Bevell and his fellow McDaniel coaching staff begin their second year in Miami and are excited about their potential. Will raw speed and high goals flash again when the Dolphins start the regular season with the Los Angeles Chargers on Sunday? Probably. However, expect postponements in presentations and applications.
“Mike is always evolving in relation to our core principles,” said Smith. “What we do one year will not be what we do the next.”
McDaniel says he finds it “hilarious when people talk about the Dolphins’ offense as a stagnant entity.” Defense will make their game plans different for the Dolphins as they now have a year of hedging to think about. The Dolphins will use their own moves.
“I try to attack defenses where they’re vulnerable,” McDaniel said. “By the hand they play, they kind of have an impact on it. That’s why you have to be able to exploit their dubbing at one stage or another. That’s why I will always change.”
Bevell’s extensive experience feeds into the fitting process.
Take his front row seat to accompany Favre’s development, first in six years alongside the Green Bay Packers and later for two years when Bevell coordinated Favre’s Vikings offense. On the one hand, Bevell doesn’t shy away from clipping clips of gun-wielding Favre modeling dropbacks and progressions, like in their year together when Favre led the league with 32 touchdown passes. Bevell worked with Favre twice as he led the league in interceptions and a third year in which no quarterback threw fewer interceptions than Favre’s 1.3% rate. Bevell told his current Dolphins players that Favre justified an interception with a quote from the game ten years earlier when the Pittsburgh Steelers had identical coverage. The diagnosis that Favre made in the 1990s was no longer valid. Bevell’s lesson: Each piece has its own value.
“It doesn’t matter what happened the last time that play, or it doesn’t matter if we had problems on defense two games in a row,” Bevell tells his quarterbacks. “You must assume that you are protected in this matter.”
Bevell specifically justifies Tagovailoa with the phrase, “Be where your feet are.”
It’s a fitting rallying cry after a year that has seen Tagovailoa’s full potential but also the fragility of its execution. After suffering three head collisions last season, including two diagnosed concussions, Tagovailoa’s availability is the biggest question facing the Dolphins in 2023. The Dolphins are hoping his off-season weight gain and jiu-jitsu training are the answer. Rather than worry unduly, Tagovailoa reminds himself: stay where your feet are.
And if Tagovailoa Is healthy? Bevell believes his starting quarterback’s 15.4-point jump in passer rating last season reflects Tagovailoa’s accuracy, anticipation and elite vision to cover an entire field.
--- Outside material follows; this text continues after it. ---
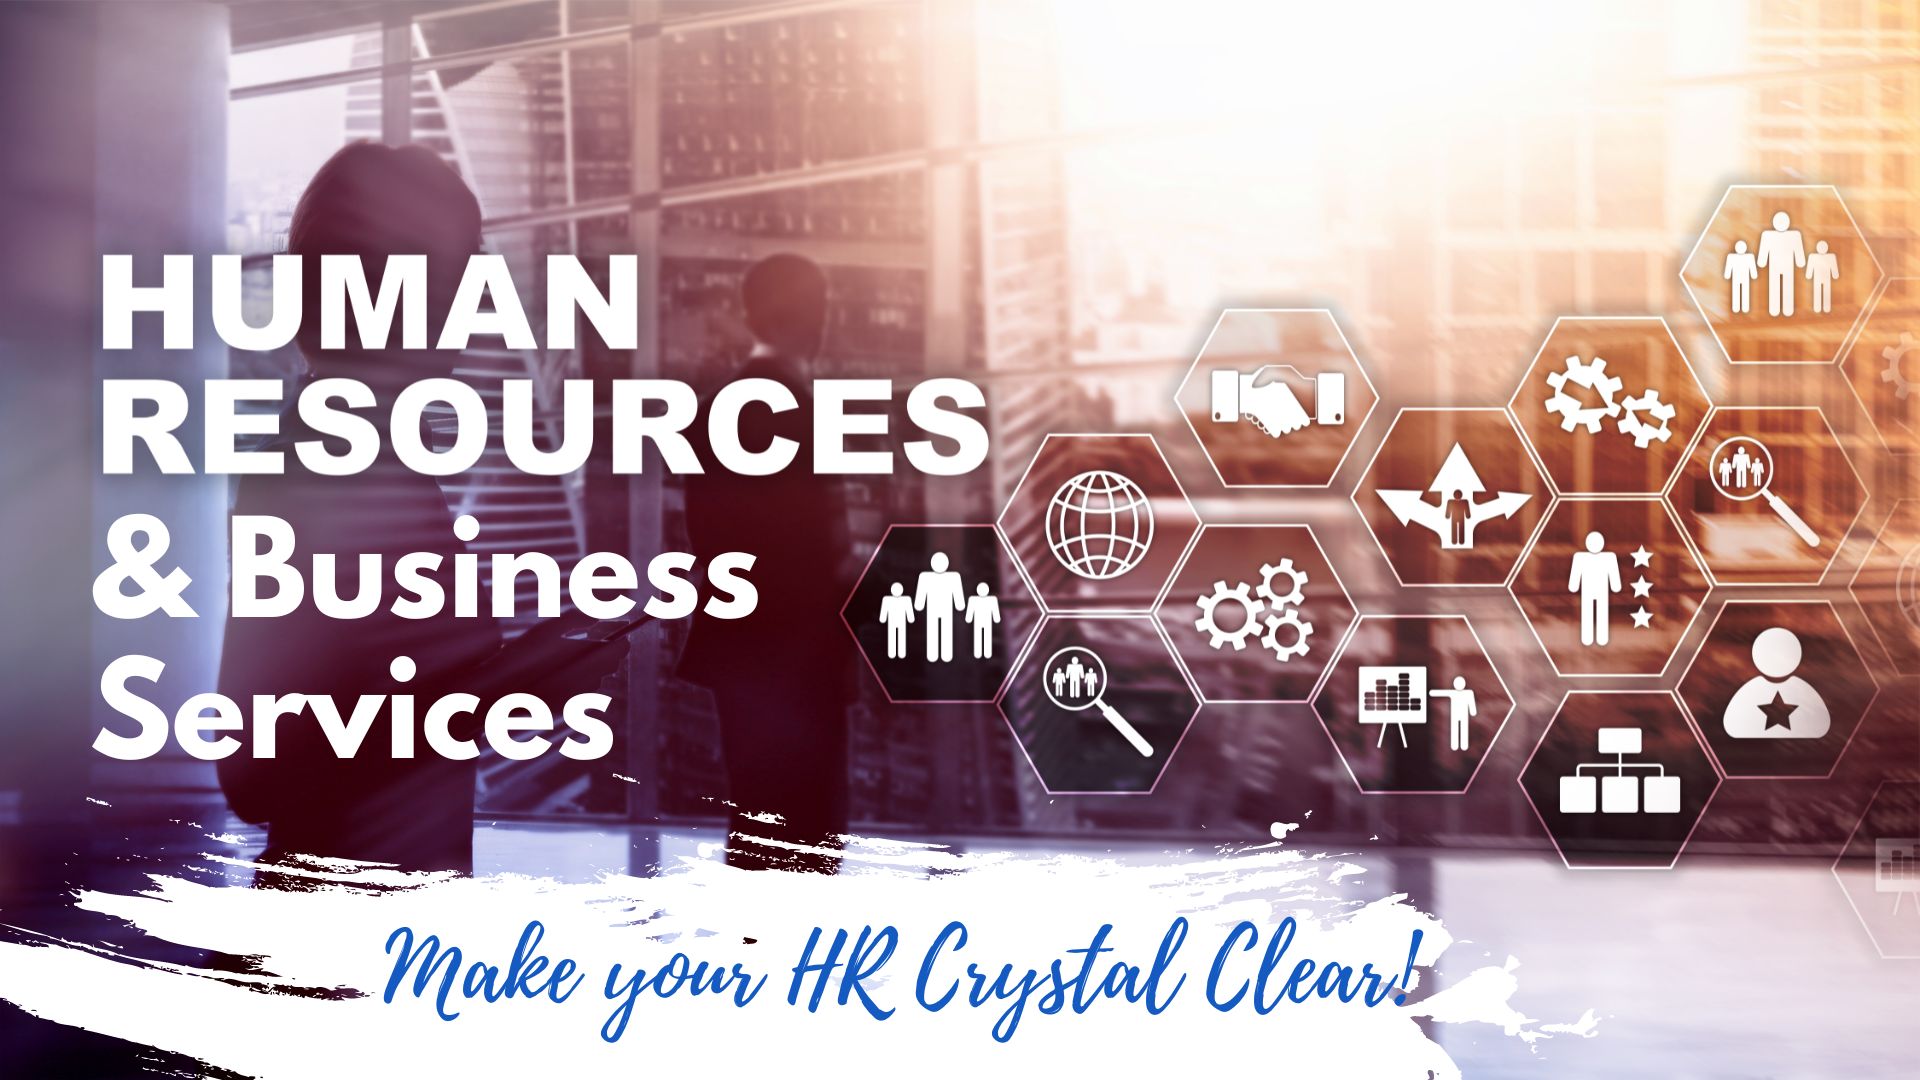 Make your HR Crystal Clear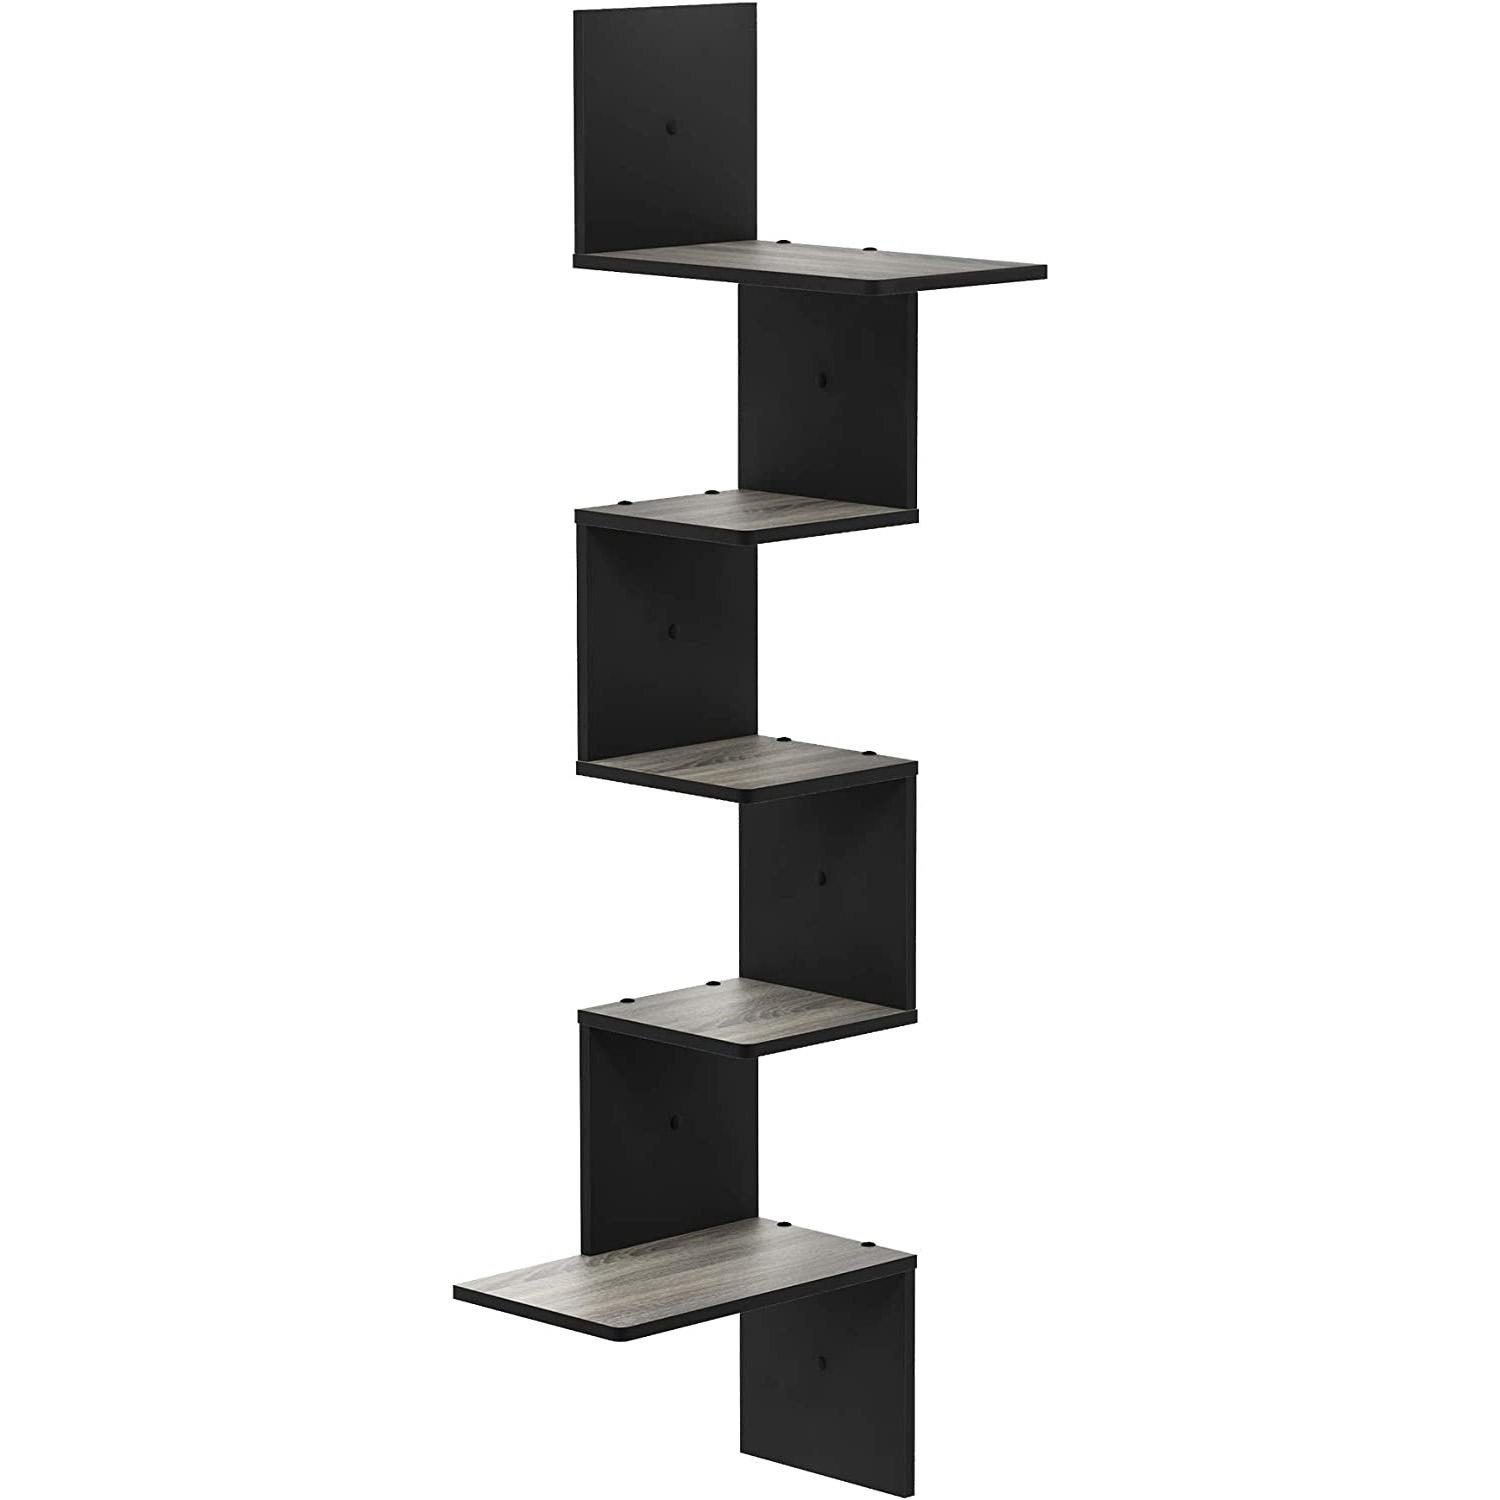 5-Tier Furinno Rossi Wall Mounted Shelves for $14.83

The Dolphins will need that all the more when they face perennial favorites Buffalo Bills, offseason champions New York Jets and Aaron Rodgers, and Bill Belichick’s New England Patriots in a heavily-packed AFC East.
“That’s the quarterback position: trying to simplify things in the chaos,” Tagovailoa said.
The situation clears up for Tagovailoa thanks to several people, including Bevell, who is also pleased with his regained clarity.
Bevell returned to training and vertical statures on August 8. After 17 hours of commuting to and from Houston for the Dolphins and Texans training session and the pre-season game, he is now able to fly with the team again. Bevell’s voice is no longer disembodied in meetings — although McDaniel showed the entire team a picture of his position coach, his head lolling over a laptop lying on his side from the bed.
The head coach’s message?
“First and foremost, I wanted him to wake up,” McDaniel said in his trademark deadpan tone. “This is a meeting and he shouldn’t be lying down.”
Seriously, McDaniel wanted his players to produce encouraging films, while Bevell could do little more than watch. And to recognize Bevell’s commitment to their growth.
“We’re all so wrapped up in our own stories and circumstances and just another glimpse of the possibilities of another person who’s just happy to watch the practice and can’t wait to start another day at work,” McDaniel said . “I think that’s a strong message.”